Monday, October 10, 2011

Be Green

Be green.

1364013It looks so basic but really it means many different things to different people. What does it really mean to be green?

Well the very basic answer is that you are doing things in a way that are good for Earth and it's environment. Being green could mean not throwing away plastic bottles and making sure they are recycled. Being green can mean taking steps in your home to use less electricity. Being green can mean taking steps to use less oil for driving and heating your home. Being green can mean buying your food locally and organically. Being green also means taking steps to combat the effects of global warming. There are really many areas of the green movement but they all have saving the Earth at their core.

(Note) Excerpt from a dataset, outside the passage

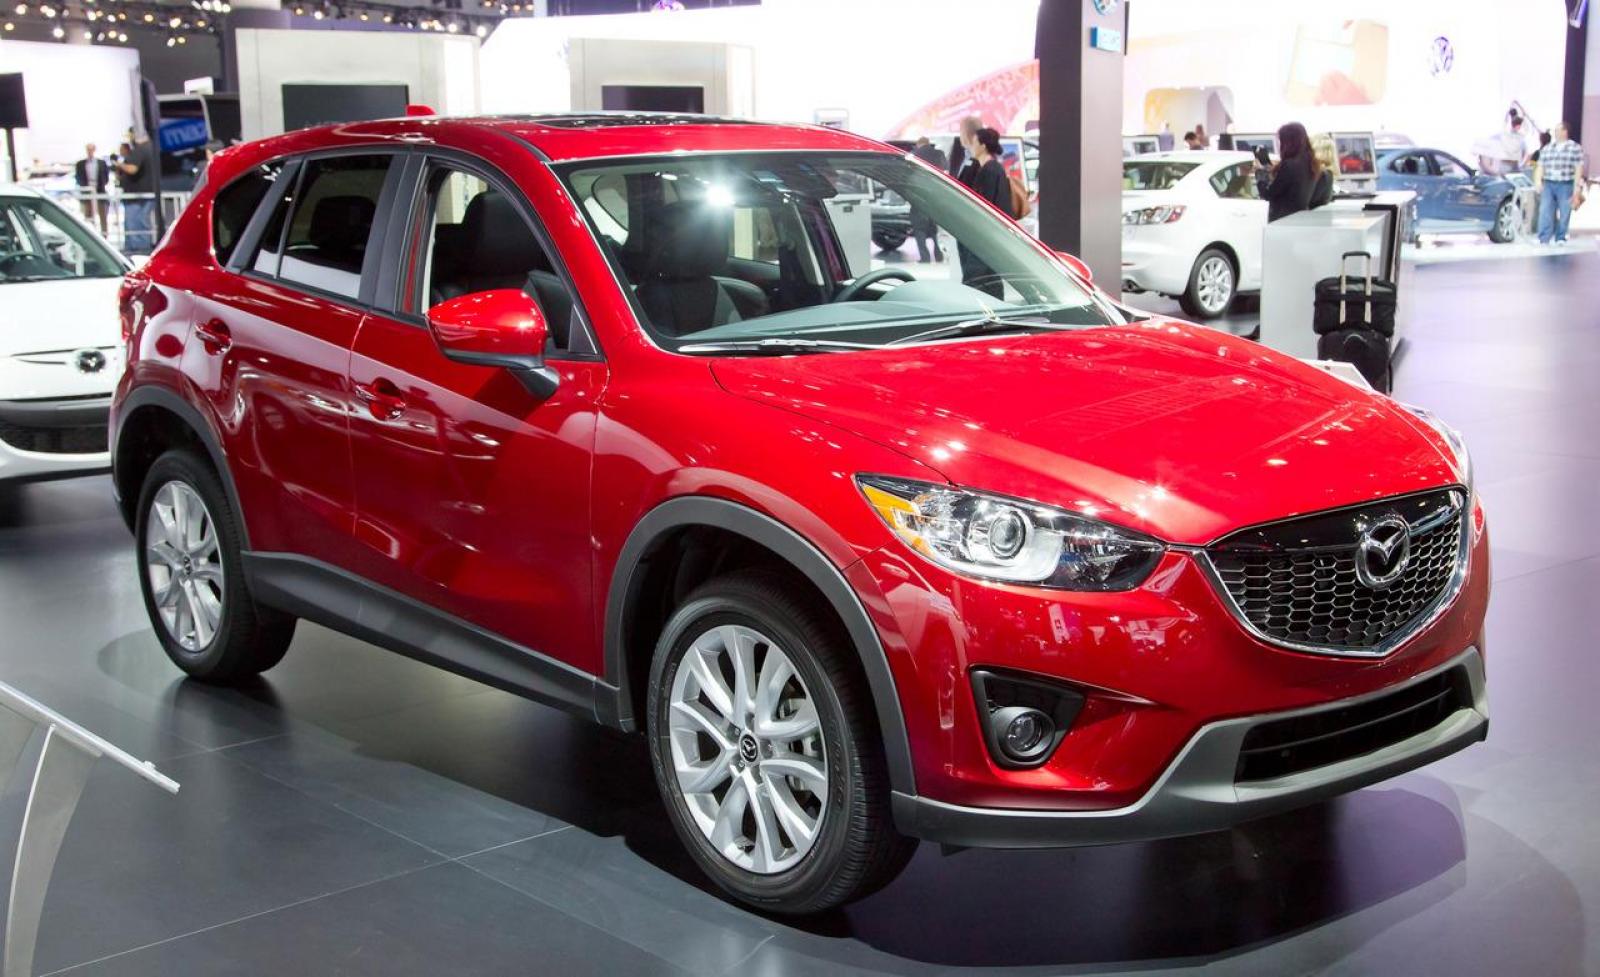 Мазда сх5 2014г. Mazda CX 5 красная 2014. Мазда СХ-5 2014 красный. Машина Мазда СХ-5 красный. Мазда cx5 красная.

While I agree that saving the Earth is indeed what we should all want to do with out any incentive, I also know that reality means it's not going to happen that easily. There are just too many incentives for too many people not to worry about saving the planet. The rub really comes in when you see that people and companies have never factored into their pricing what they are doing to the environment. Thing about the plastic packaging that comes along with any small electronic device that you might buy. The company that manufactured that device can likely tell you how much it cost them to produce or buy that packaging and get their product in it. I'm sure though they have no idea what the cost of that packaging finally being disposed of someplace in the planet. It's just not something that we are programmed to think about. Even on a personal level you might know how much you pay to have your trash taken away, but it is a flat monthly fee and throwing out one more package won't change the price. We pay for trash removal and not trash disposition. In other words, we are paying for the price for a company to stop at our house and take it to the dump. The price of that trash sitting in that landfill and all the effects it'll have in our environment aren't factored at any point along the way.

It a problem that was born into our thinking from way back in history when there were far less humans then there are now. If you go back far enough in history there just weren't enough humans doing bad environmental things to effect the environment as a whole. We could make things and throw things out and put them in a pile in the woods and while it wasn't a great thing, it just wasn't enough to hurt Earth. But then as our population number grew and we started doing worse and worse things from an environmental standpoint, our same thinking carried through. To be fair humans didn't really understand that what they were doing could have an effect on Earth. The trick is that as some of us were able to see what was happening was bad, the ball was all ready rolling very quickly downhill. We may have gotten into all this innocently enough but now we're all guilty and either we know it or we're pretending we don't. For years and year companies were going about their business without any concern or cost to them based on the impacts of what they were doing on the planet. This lack of cost was built into all their pricing. Imagine what would happen if every product we bought had to factor in it's impact on the environment. Or if we had to pay the real cost of throwing out the trash. It would really change what we buy, what we could afford to buy, and what we throw away.

Companies have had it too good for too long to want to give up this free cost of doing business. They have all the money and are working to convince the world that global warming is a hoax. Don't believe the hype! You and I need to be Green. Companies need to Green. The only question is really whether we as a planet are going to figure out what being green means and how to do it, before the effects of not being green ruin the whole planet for all of us!